College of Computer Engineering and Sciences, Prince Sattam Bin Abdulaziz University, Al Kharj, Saudi Arabia.
Faculty of Computers and Artificial Intelligence, Helwan University, Cairo, Egypt.
Comput Intell Neurosci. 2022 Oct 30;2022:3214255. doi: 10.1155/2022/3214255. eCollection 2022.

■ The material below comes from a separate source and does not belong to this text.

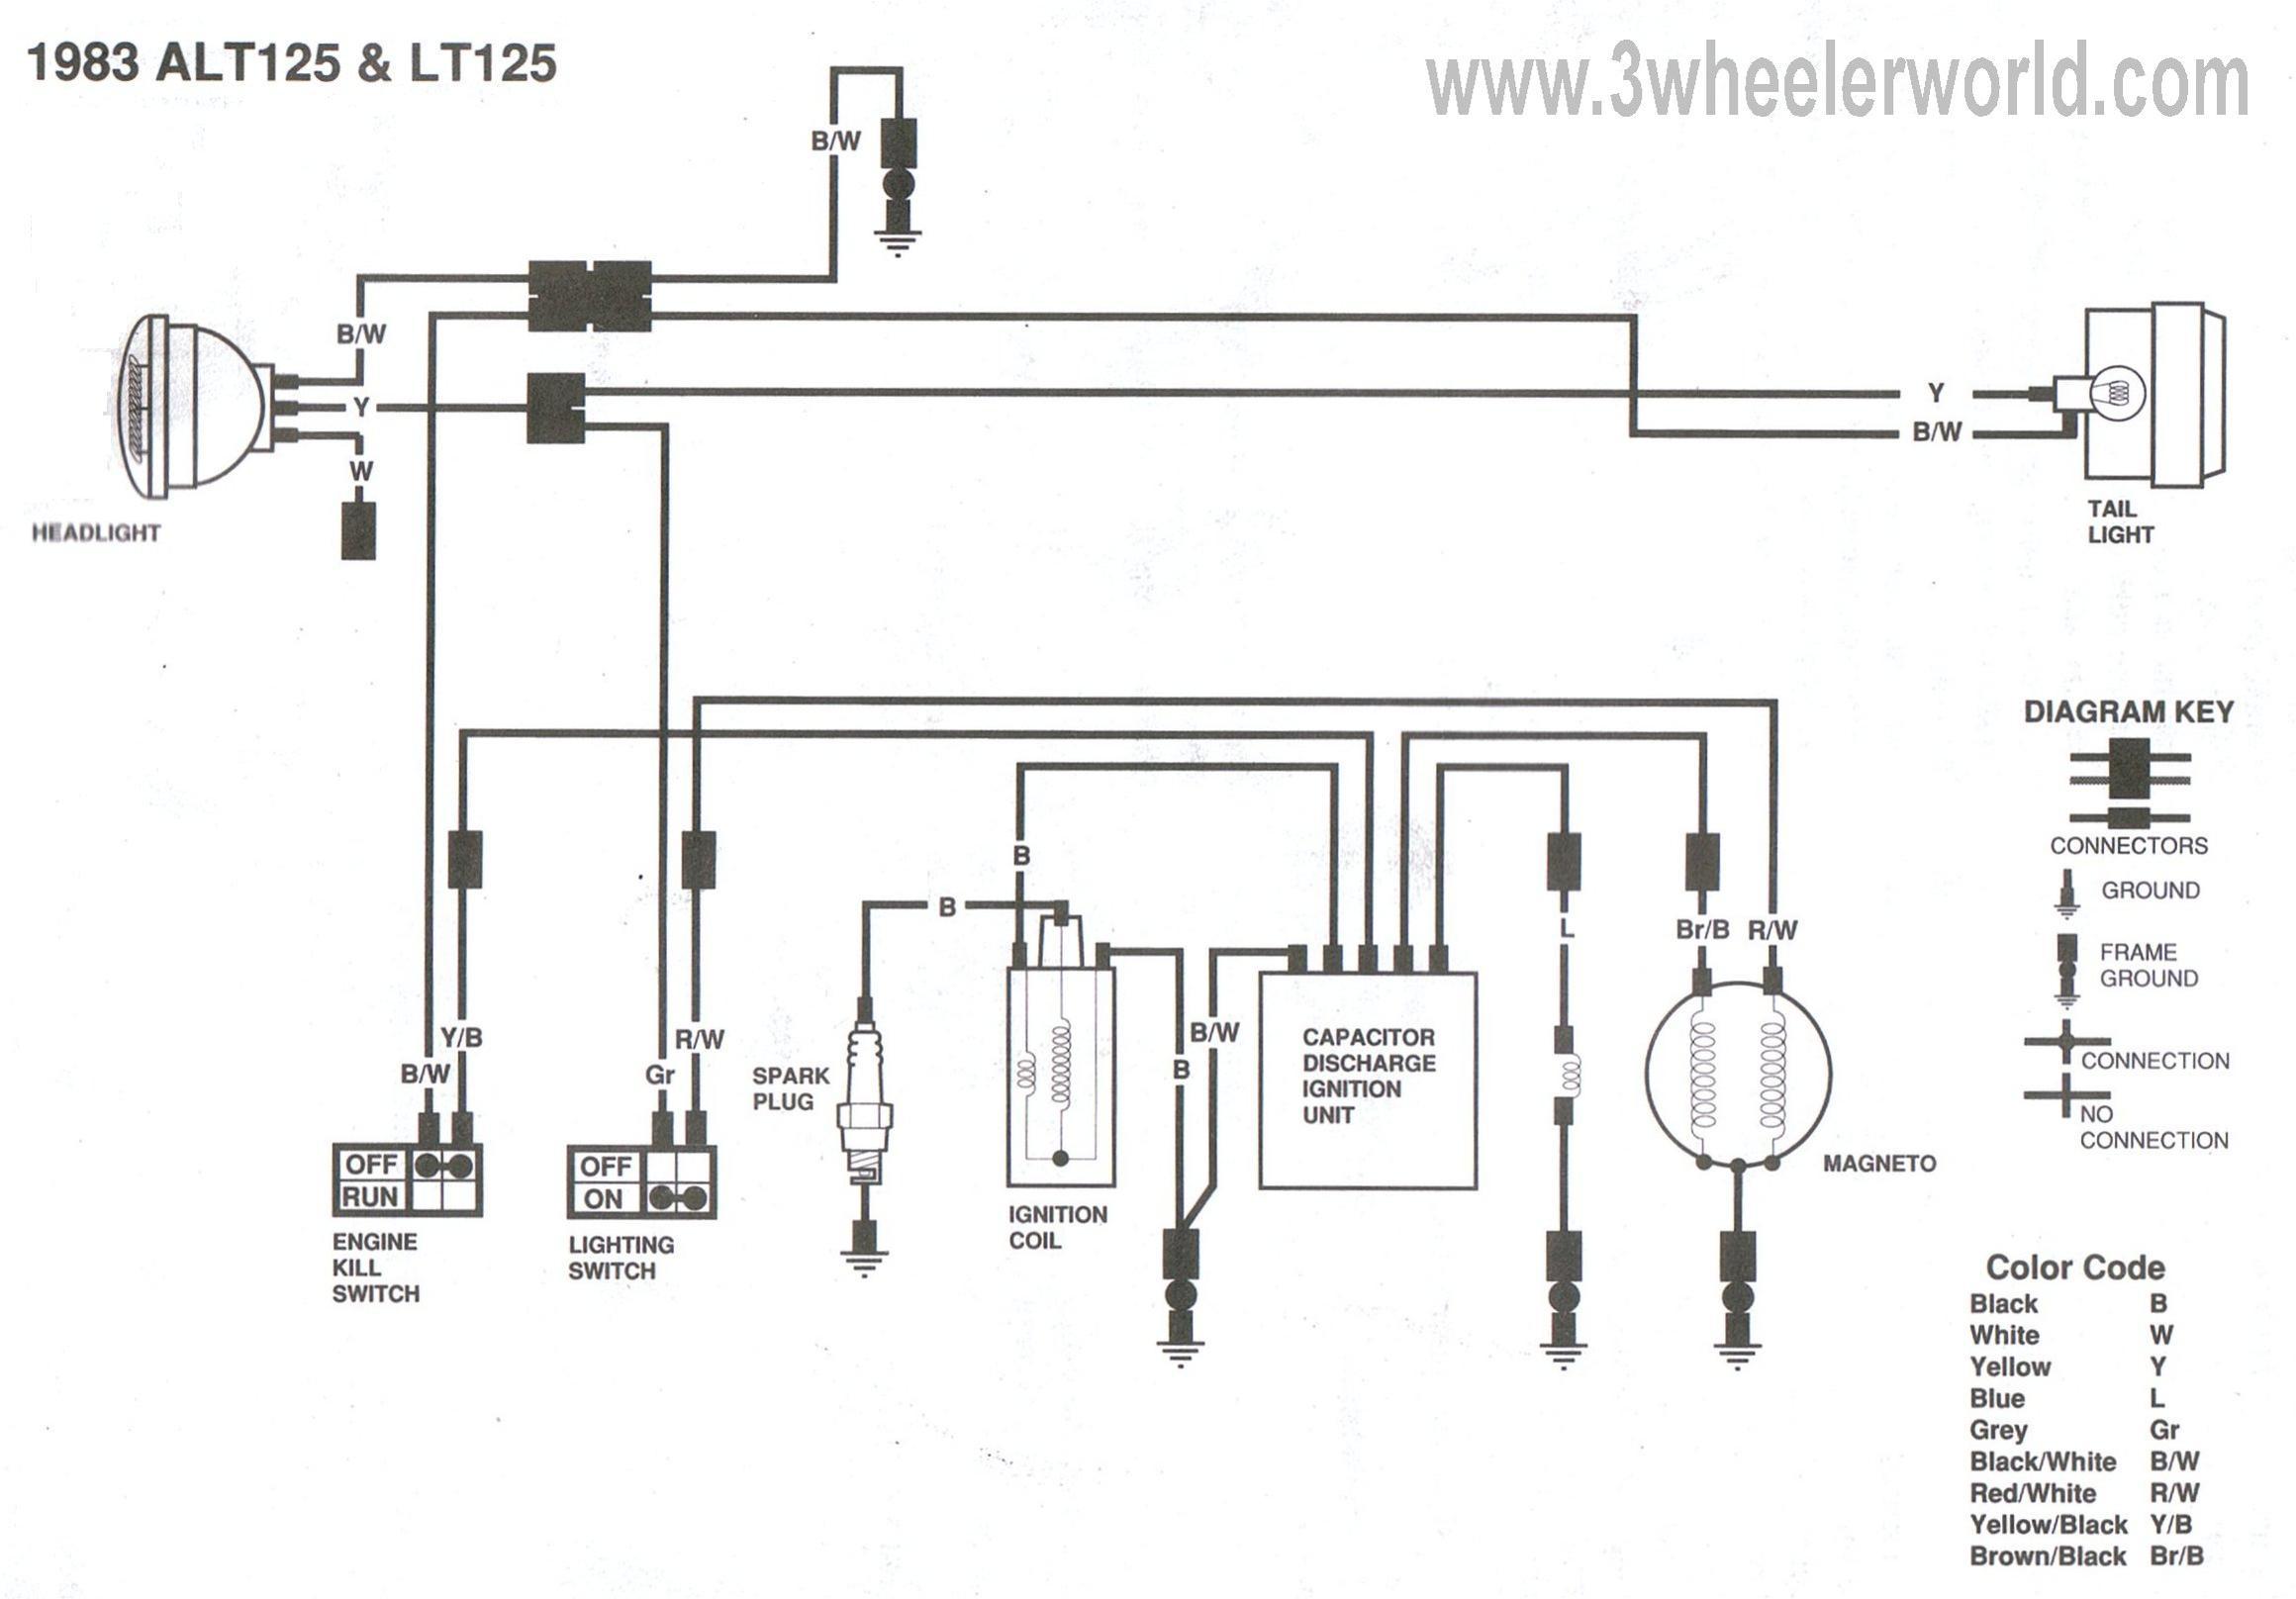 1987 Suzuki Lt F230 Atv Wiring Schematics - 2000 Ford Excursion V10 Fuse  Box Diagram - oonboard.diau.tiralarc-bretagne.frWiring Diagram Resource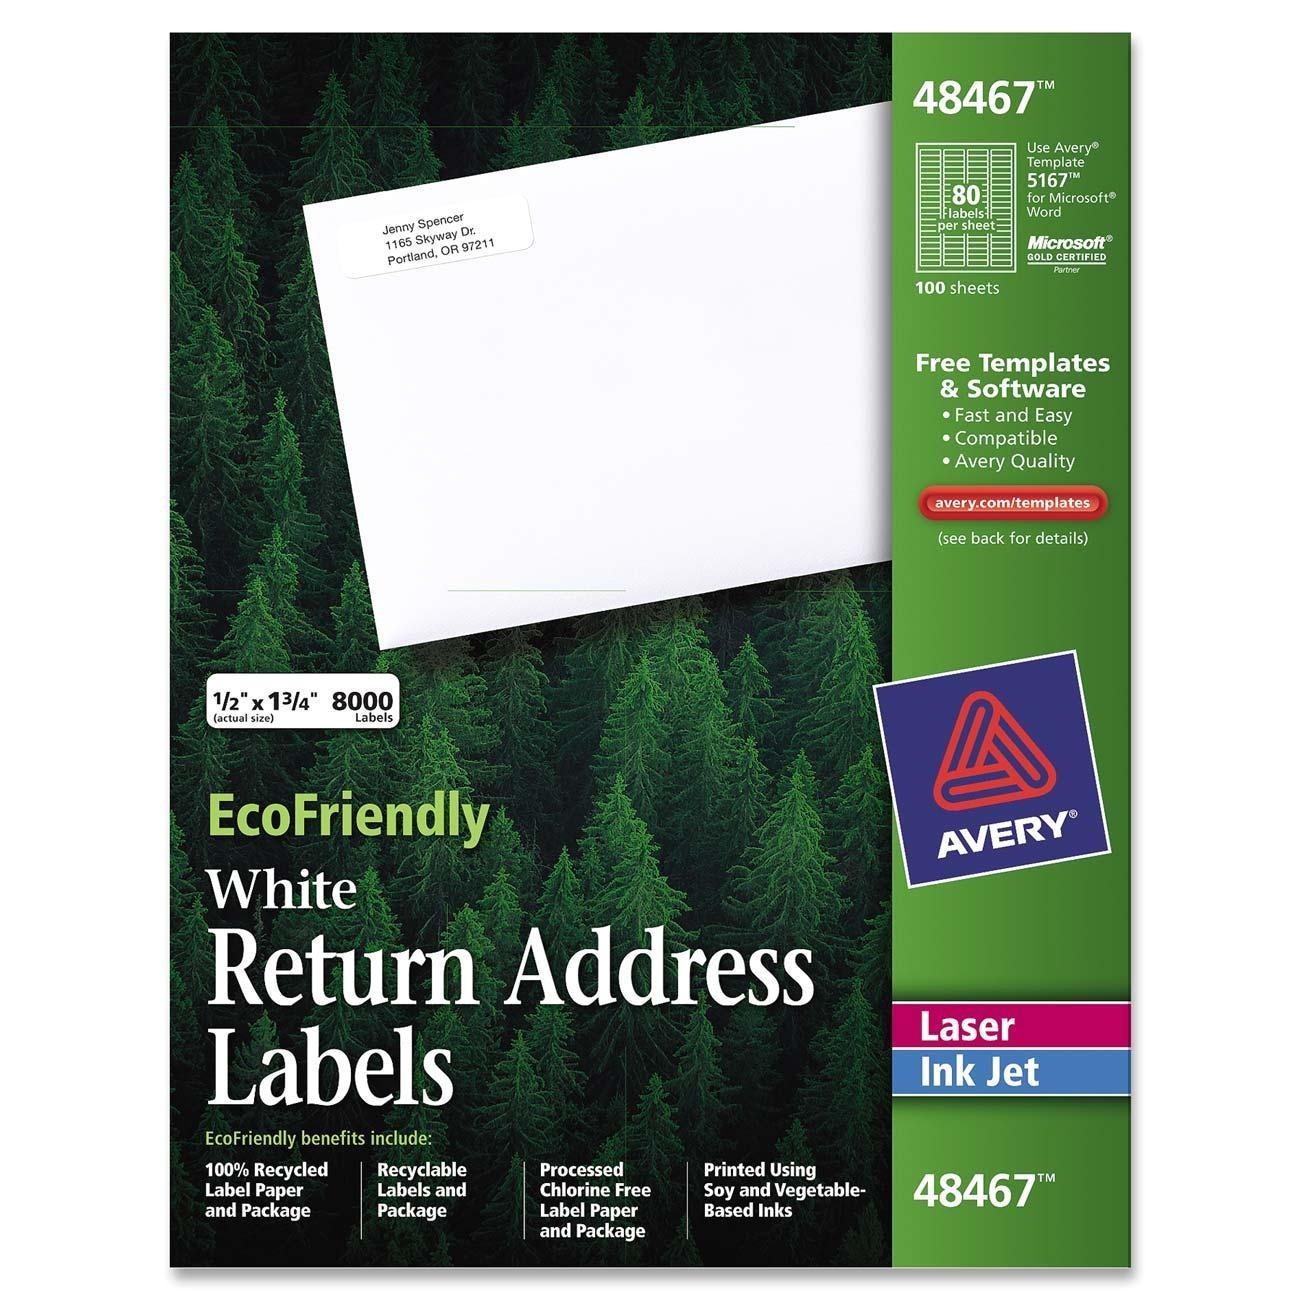 Avery Templates Return Address Labels Ecofriendly Return Address Label Avery Dennison 48467

The Arabic syntactic diacritics restoration problem is often solved using long short-term memory (LSTM) networks. Handcrafted features are used to augment these LSTM networks or taggers to improve performance. A transformer-based machine learning technique known as bidirectional encoder representations from transformers (BERT) has become the state-of-the-art method for natural language understanding in recent years. In this paper, we present a novel tagger based on BERT models to restore Arabic syntactic diacritics. We formulated the syntactic diacritics restoration as a token sequence classification task similar to named-entity recognition (NER). Using the Arabic TreeBank (ATB) corpus, the developed BERT tagger achieves a 1.36% absolute case-ending error rate (CEER) over other systems.
阿拉伯语句法变音符号还原问题通常使用长短时记忆 (LSTM) 网络解决。手工制作的特征用于增强这些 LSTM 网络或标记器以提高性能。近年来,一种基于转换器的机器学习技术,称为来自转换器的双向编码器表示 (BERT),已成为自然语言理解的最新方法。在本文中,我们提出了一种基于 BERT 模型的新标记器,用于还原阿拉伯语句法变音符号。我们将句法变音符号还原制定为类似于命名实体识别 (NER) 的令牌序列分类任务。使用阿拉伯语树库 (ATB) 语料库,开发的 BERT 标记器在其他系统上的绝对词尾错误率 (CEER) 达到 1.36%。